Valeant Chief Executive J. Michael Pearson told investors the company’s 2016 outlook is based on expectations for a new pricing environment where none of its drugs have an actual price increase of more than 10 percent.

Valeant shares fell 7.7 percent, or $13.73, to close at $163.83 on the New York Stock Exchange.

Concerns about drug pricing have loomed over pharmaceutical stocks since last year and the sector’s shares have fallen sharply in the past few weeks since Democratic presidential candidate Hillary Clinton criticized the price rises on the campaign trail.

“The pharmaceutical industry is being aggressively sort of attacked for past pricing actions,” Pearson said. “I do think, given that environment, the pricing that pharmaceutical companies will take in the future will be more modest.”

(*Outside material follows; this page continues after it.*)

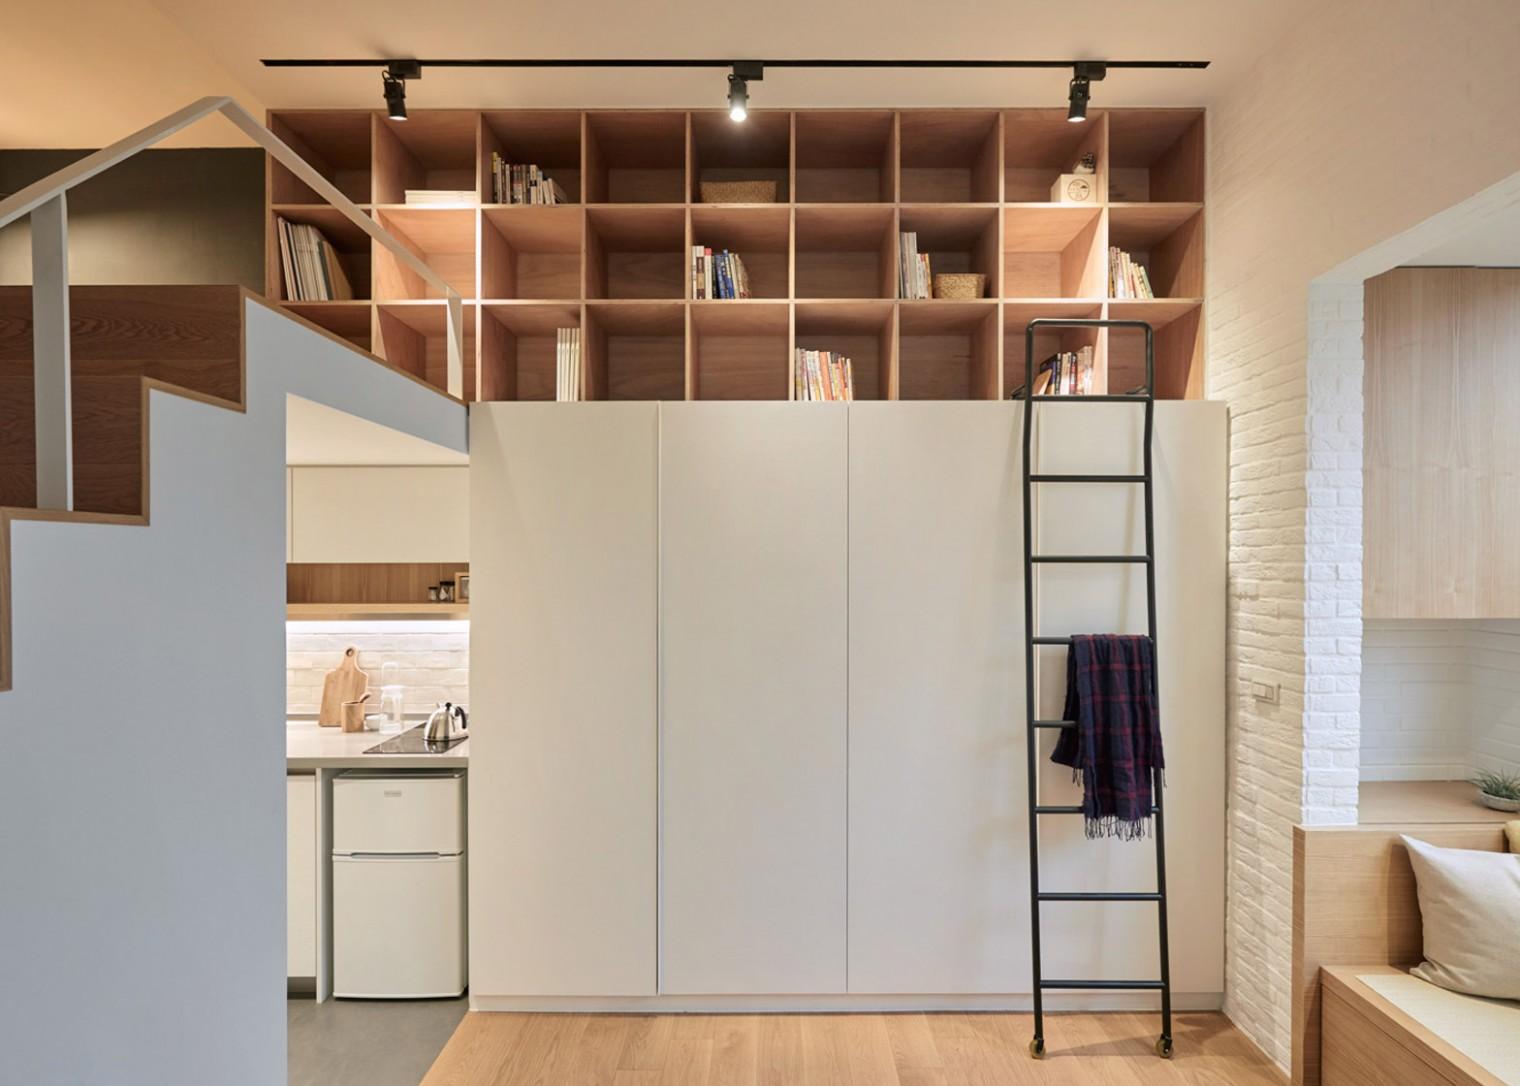 A Little Design creates 112m12 apartment in Taiwan - Apartment Unit Design

Valeant, which has become one of the world’s largest drug companies through a steady stream of acquisitions, and others have been criticized for acquiring companies and raising the prices of drugs in order to boost profits. Federal prosecutors in New York and Massachusetts opened investigations into the company, asking for information about price increases as well as the workings of its patient assistance programs for poor people to access its drugs.

Pearson said Valeant was unlikely to look for acquisitions based on what he called mispriced assets, or drugs with prices that can be significantly increased because of their value to health care.

“Given the evolution of our product mix, coupled with the recent events, it is likely that we will pursue fewer, if any, transactions that are focused on mispriced products,” he said.

Valeant is also considering selling, spinning off or taking private its neurological and other pharmaceutical business, a move one Wall Street analyst described as paving the way for Valeant’s business model to be less controversial.

The neurological business accounts for most of Valeant’s price actions and realized price increases on average of more than 30 percent, JP Morgan analyst Chris Schott wrote in a research note. He estimated it to make up about 10 percent of the company’s revenues.

The move would fit into a strategy that Pearson said has already been underway. Valeant has begun during the past two years to increase sales volumes as a percentage of growth compared with price increases.

“We’ll just be pragmatic and why focus on areas of the business that is just going to create a lot of media stir,” he added, referring to the recent wave of negative publicity over steep price increases for older medicines.

Pearson said the company would begin to focus more on research and development, on which it historically has spent little. Last year the company spent $100 million on R&D and it sees that growing to $400 million to $500 million in 2016, with a focus on dermatology, contact lenses and surgical sectors.

Pearson indicated Valeant is scaling back on acquisitions, saying that while it continues to look at them, buying back shares may make more sense with the company’s stock at its current price.

Valeant reported unexpectedly better quarterly profits earlier on Monday.